The property market in Darwin has been in a lull for well over a year now. Latest figures suggest that the market, like others around Australia, is treading water. Residex figures for June indicate that house prices have gone nowhere over the last year – falling by 0.9% – and that units have gone backwards by 5.6%.
While a largely depressed market, and affordability constraints certainly has something to do with this, it’s also clear that the Northern Territory is suffering from a lack of economic drivers at present. REINT President Quentin Kilian agrees that the market’s slow – but insists that things are looking up.
The glacial progress of the biggest infrastructure project to hit the Northern Territory, the Inpex project is to blame. This $12bn offshore gas project recently received the go-ahead from the federal government, but a final investment decision isn’t expected until November.
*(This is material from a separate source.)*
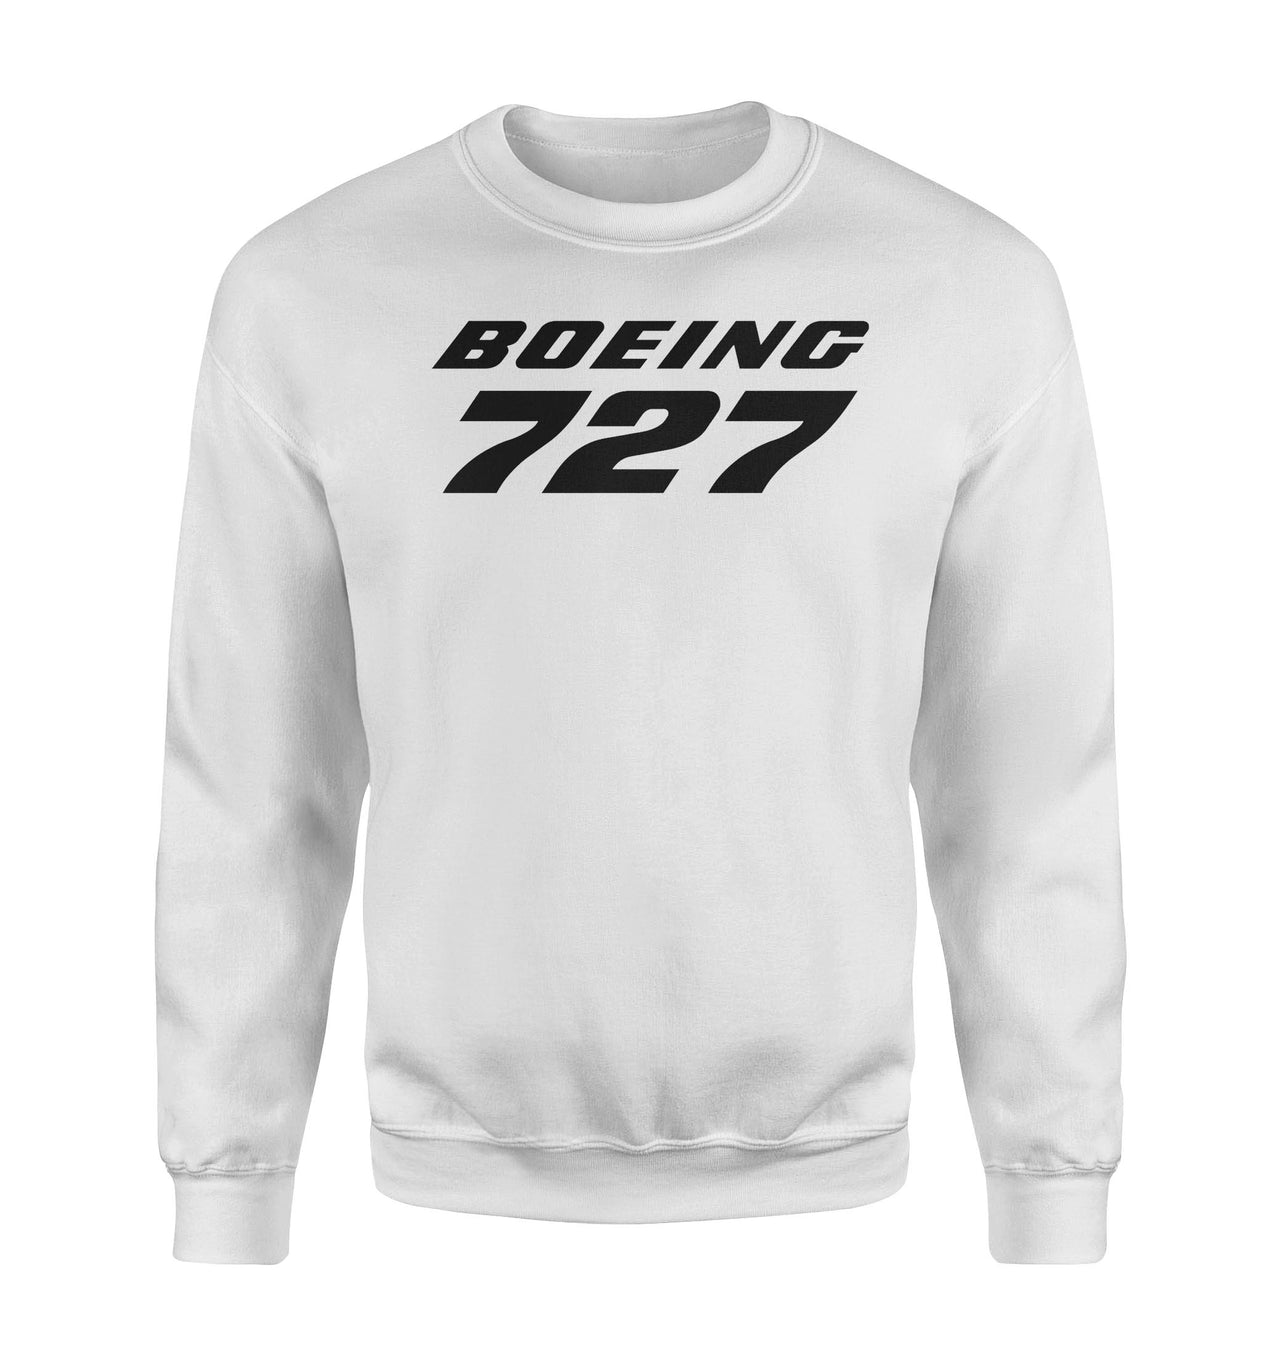 Boeing 727 & Text Designed Sweatshirts
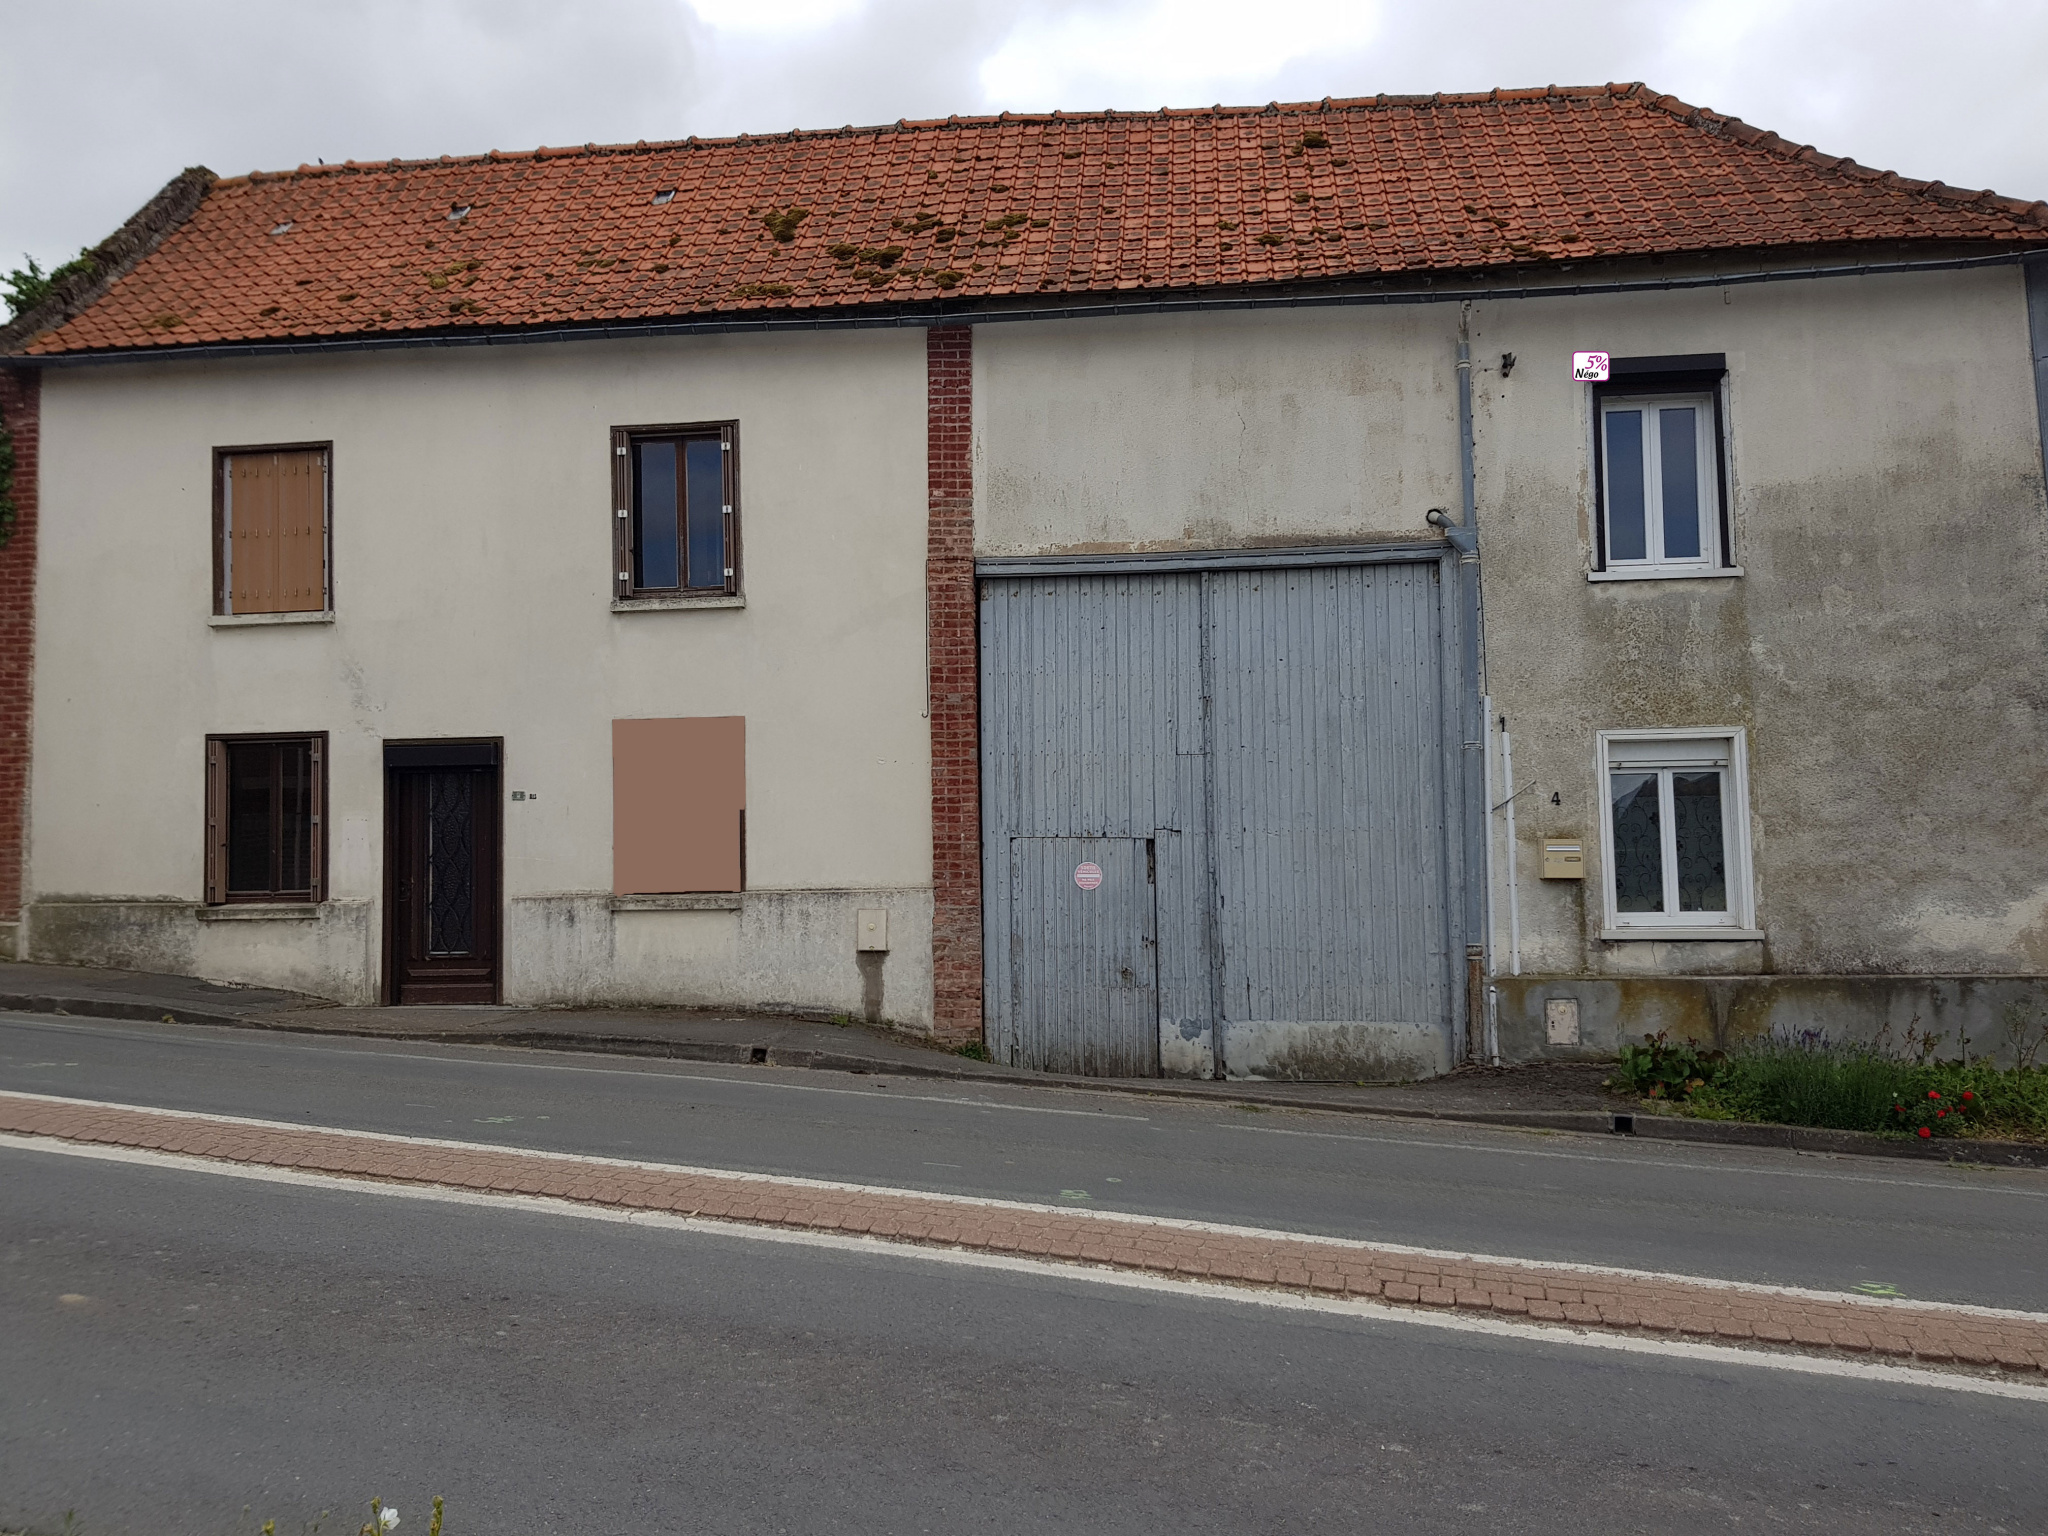 Immo80 – L'immobilier à Amiens et dans la Somme-ACHAT / VENTE Vente de deux maisons sur la même parcelle

That, says Kilian, has put the market into “wait and watch” mode.
“Darwin agents have seen more investor interest over the last couple of months,” he says. “It’s not showing up in activity yet, though: they’re more sitting on sidelines and looking to see what’s available.
Kilian suspects that many investors are waiting until the ink’s dry on the Inpex deal before committing – and he’s confident that the said agreement will go ahead.
“Inpex held a briefing with the business community in July, at which the company indicated was everything going in the right direction,” adds Kilian.
However, the market isn’t completely stagnant. Kilian highlights some promising signs that things are already starting to move.
“Recorded house sales in the greater Darwin area jumped by 26% in May, but median price dropped 6%,” he says. “This could be down to buyers buying cheaper properties, as well as vendor expectations adjusting to the market.”